Reproduce the listing in its entirety. Do not reproduce the pictures.

Segment Start: Supplied information

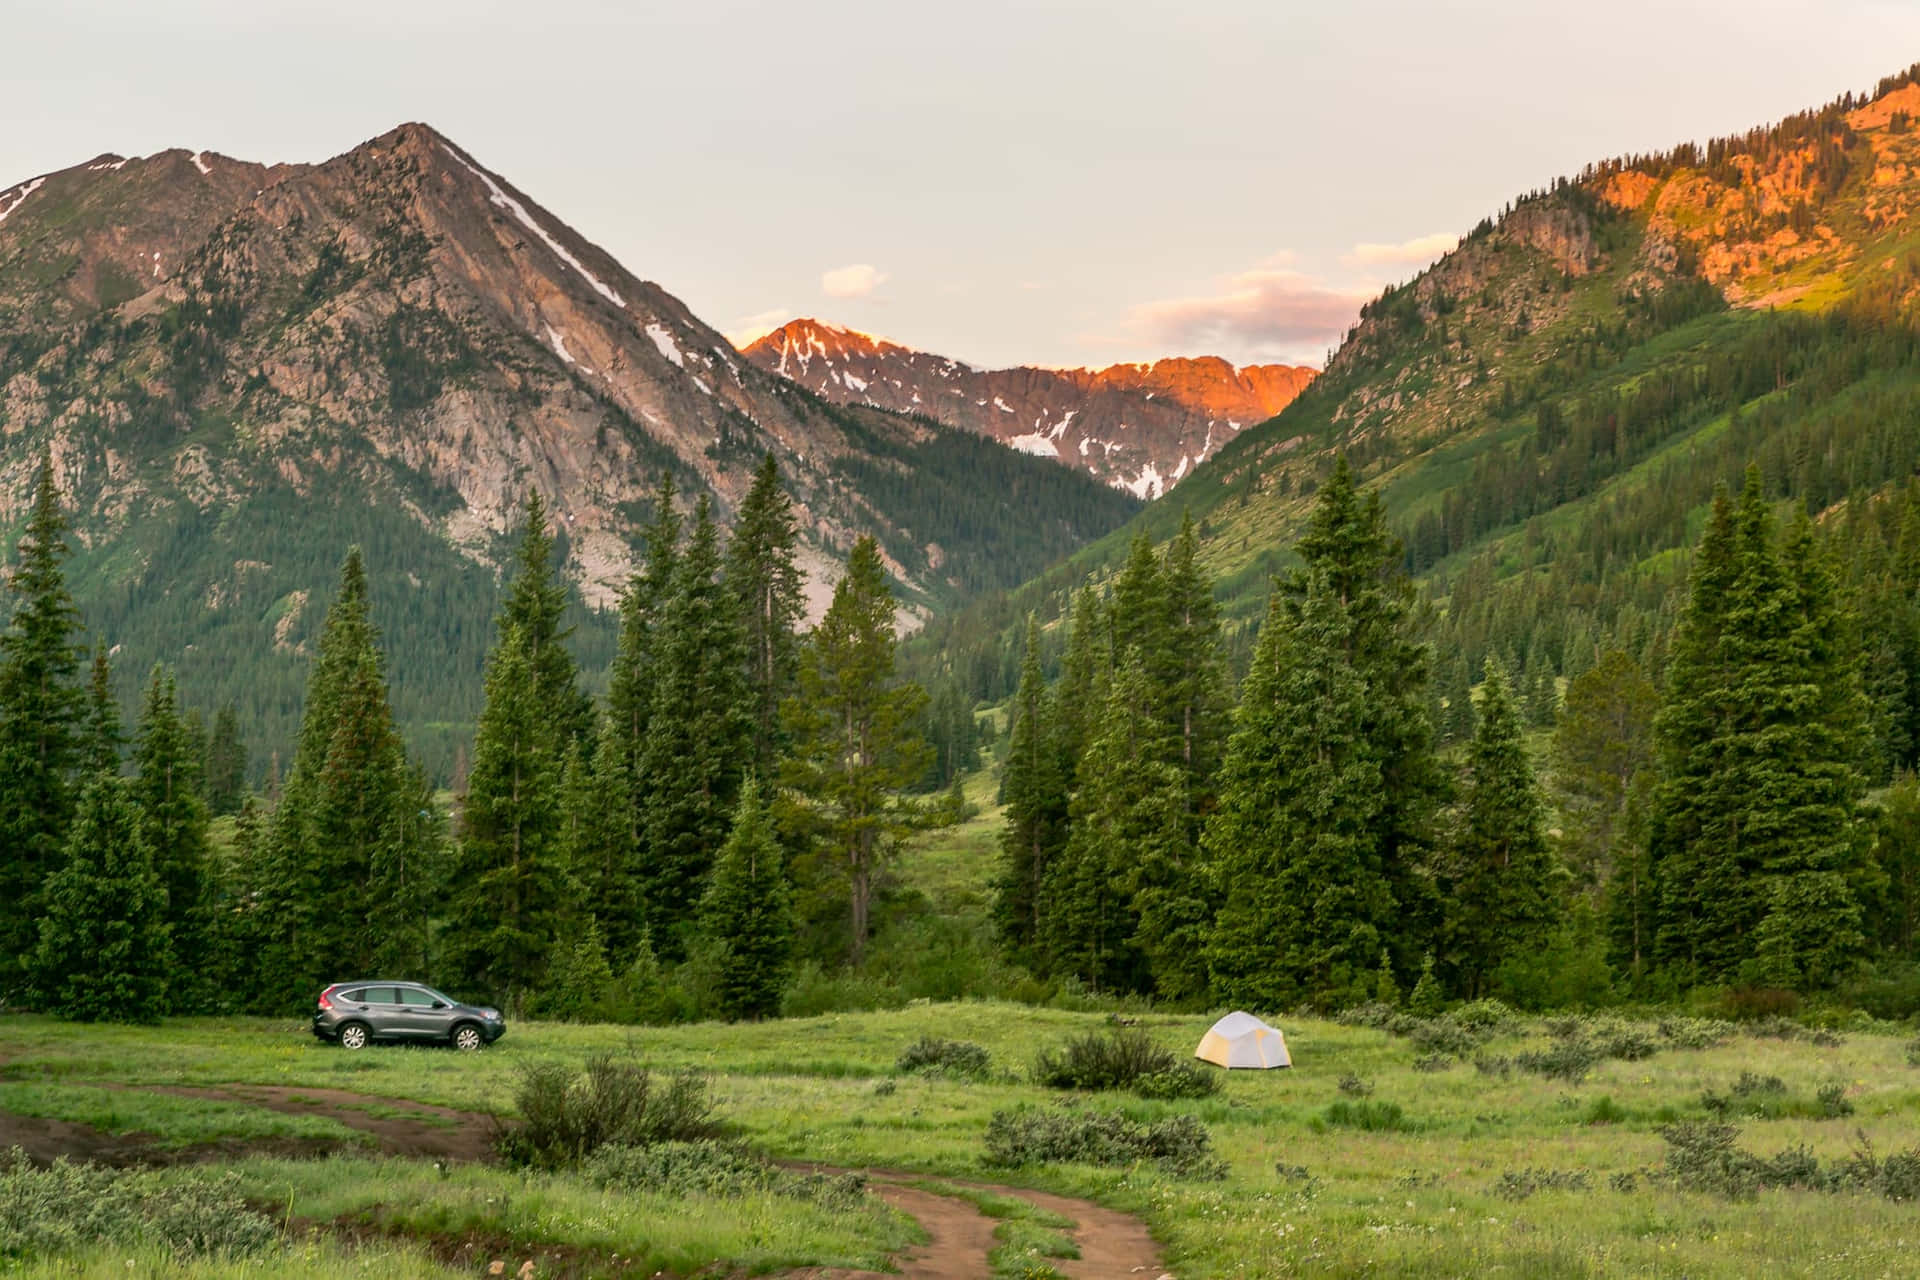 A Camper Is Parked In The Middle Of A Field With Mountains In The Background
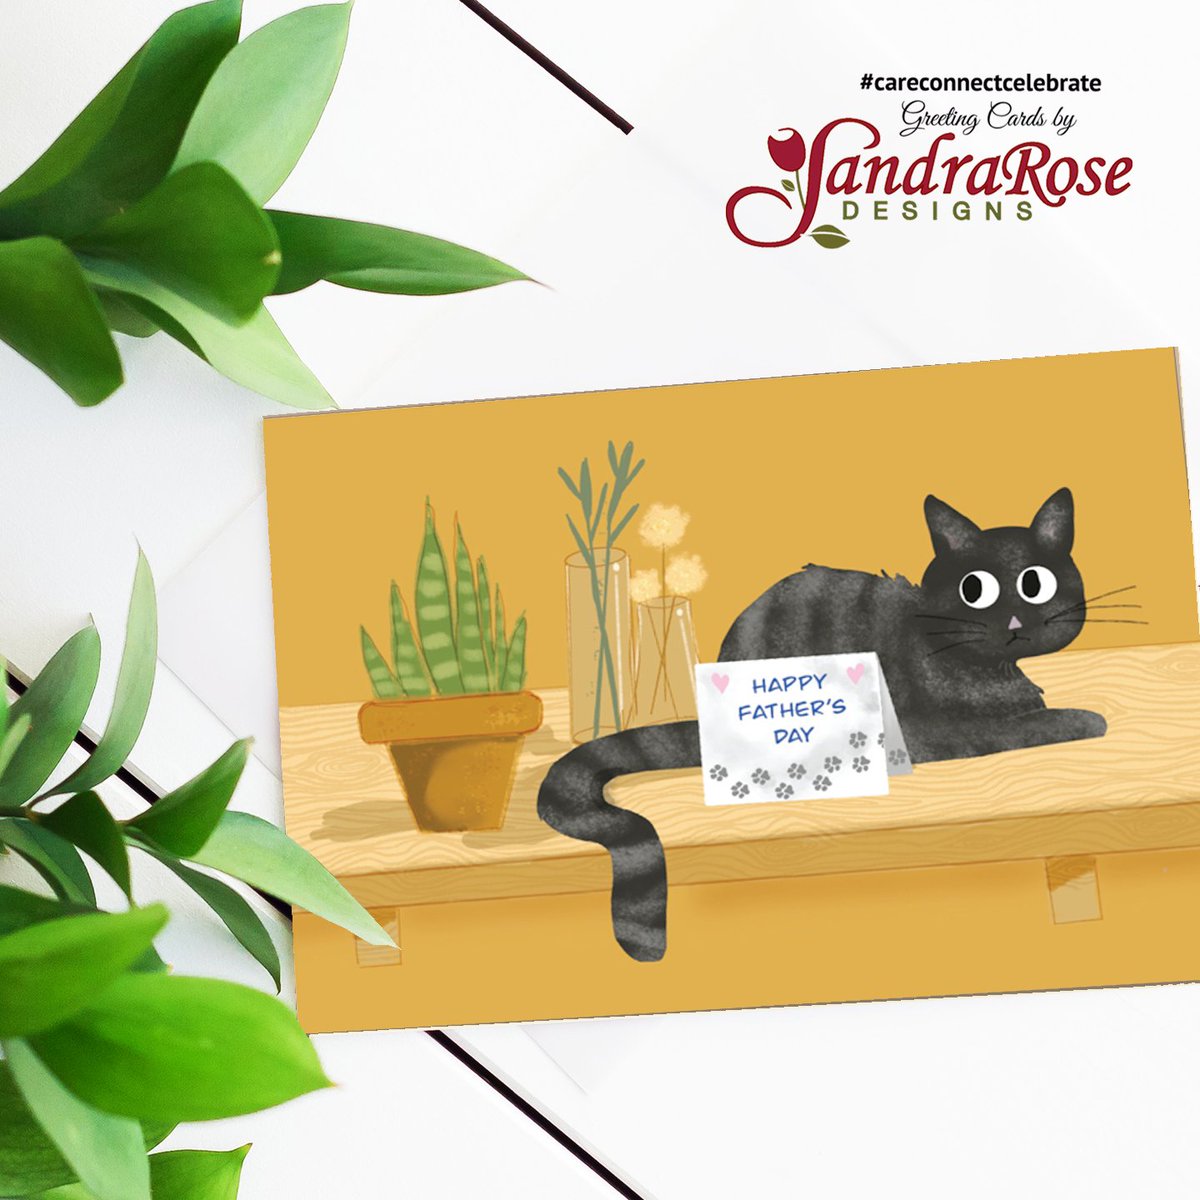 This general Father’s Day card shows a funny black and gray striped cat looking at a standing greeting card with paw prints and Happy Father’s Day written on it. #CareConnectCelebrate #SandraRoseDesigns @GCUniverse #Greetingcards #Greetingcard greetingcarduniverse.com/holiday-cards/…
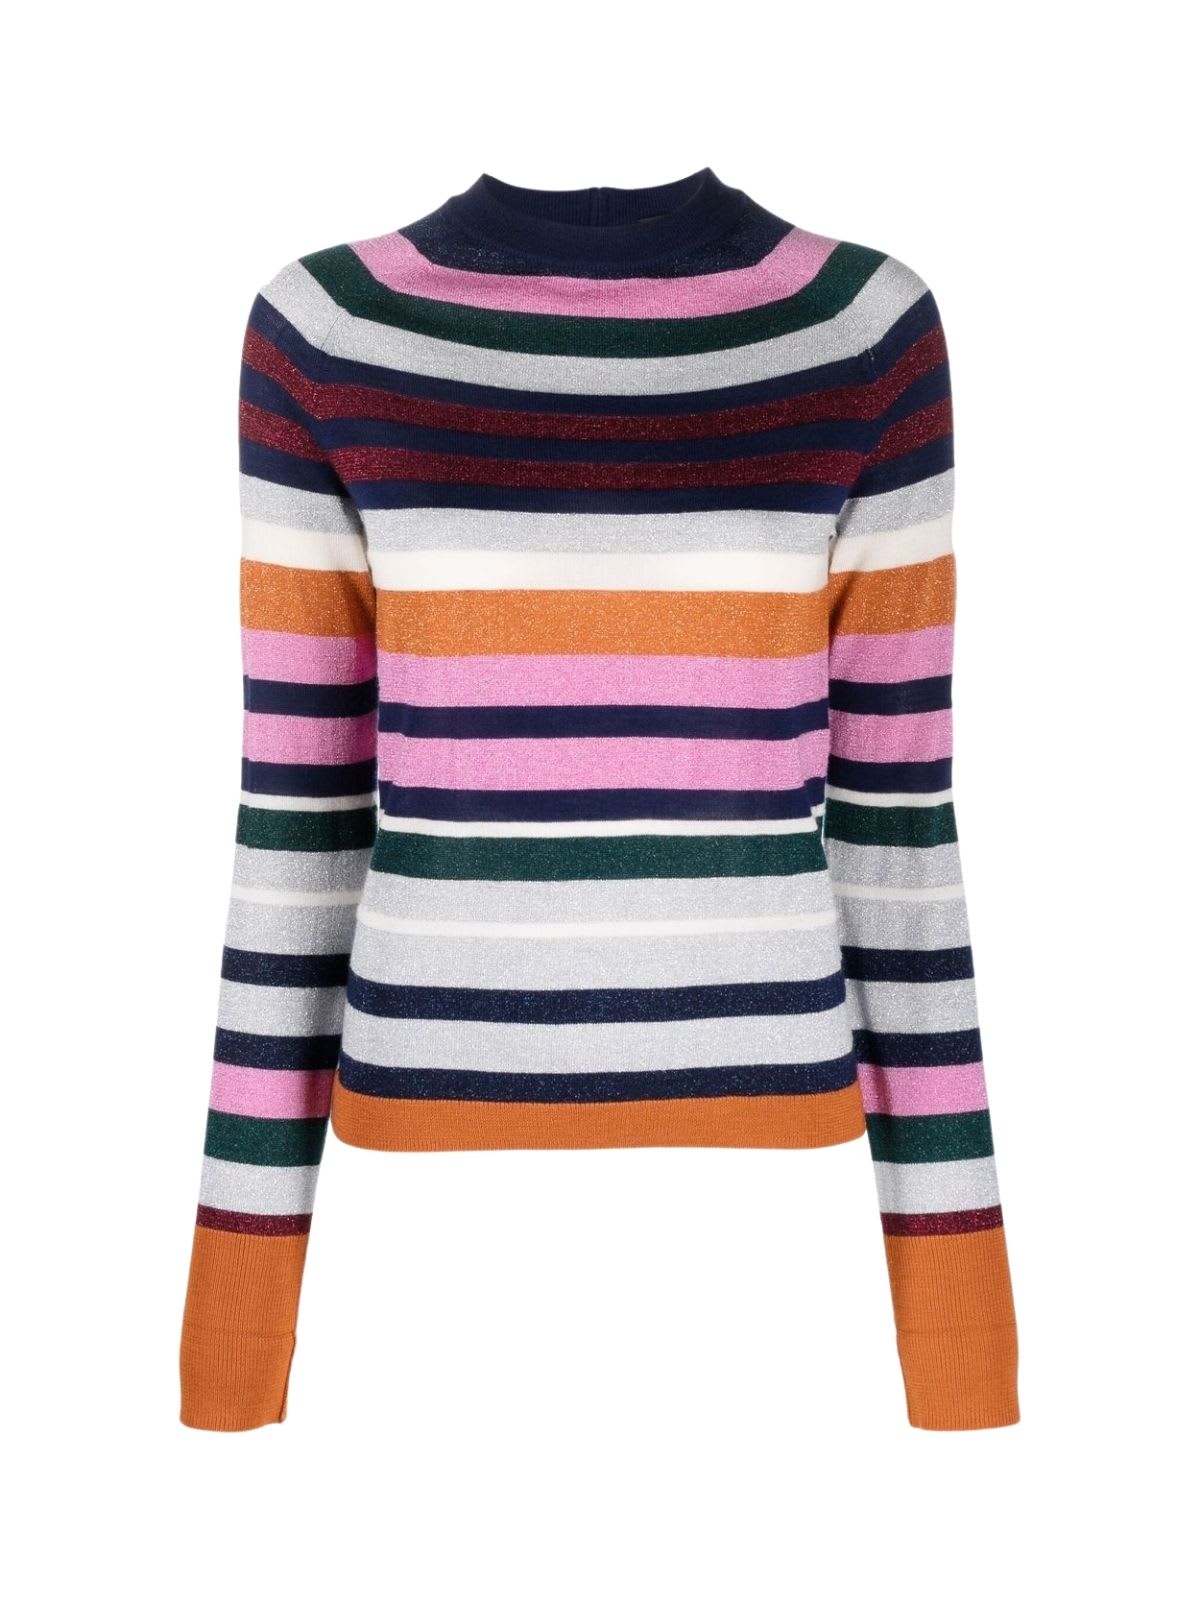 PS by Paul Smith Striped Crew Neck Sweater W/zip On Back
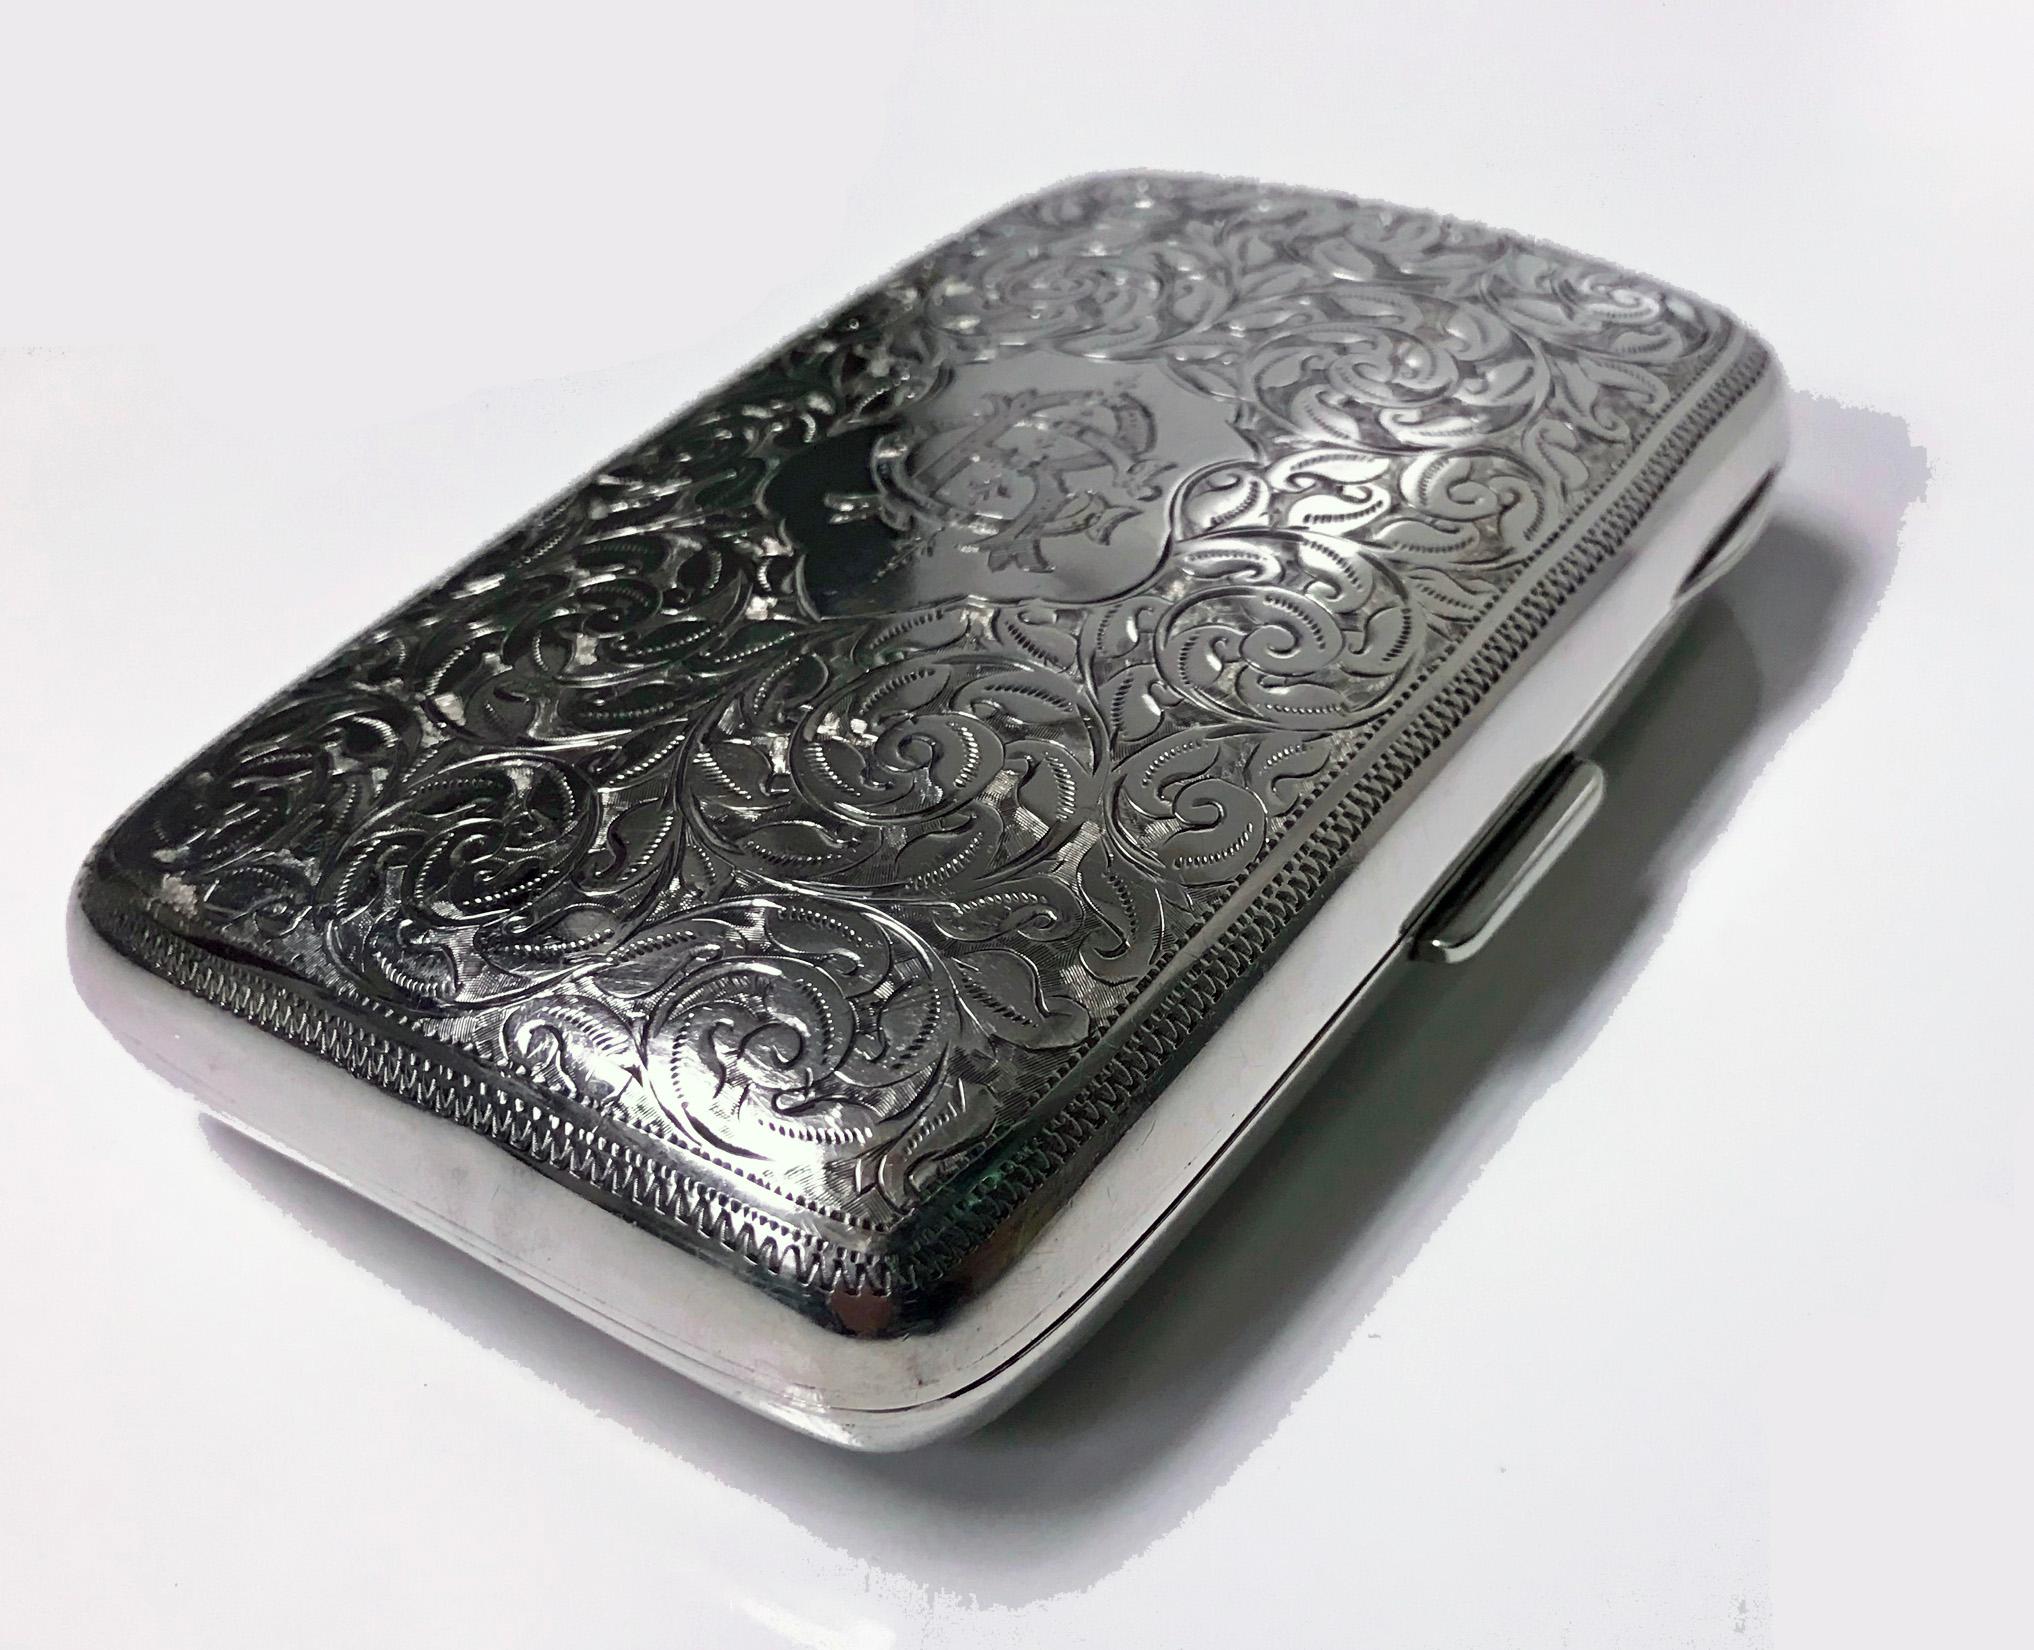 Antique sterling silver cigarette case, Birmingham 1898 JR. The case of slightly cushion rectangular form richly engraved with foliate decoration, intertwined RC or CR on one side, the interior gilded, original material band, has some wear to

Segment End: Supplied information

[Answer space]
 A Camper Is Parked In The Middle Of A Field With Mountains In The Background
 This general Father’s Day card shows a funny black and gray striped cat looking at a standing greeting card with paw prints and Happy Father’s Day written on it. #CareConnectCelebrate #SandraRoseDesigns @GCUniverse #Greetingcards #Greetingcard greetingcarduniverse.com/holiday-cards/…
 PS by Paul Smith Striped Crew Neck Sweater W/zip On Back
 Antique sterling silver cigarette case, Birmingham 1898 JR. The case of slightly cushion rectangular form richly engraved with foliate decoration, intertwined RC or CR on one side, the interior gilded, original material band, has some wear to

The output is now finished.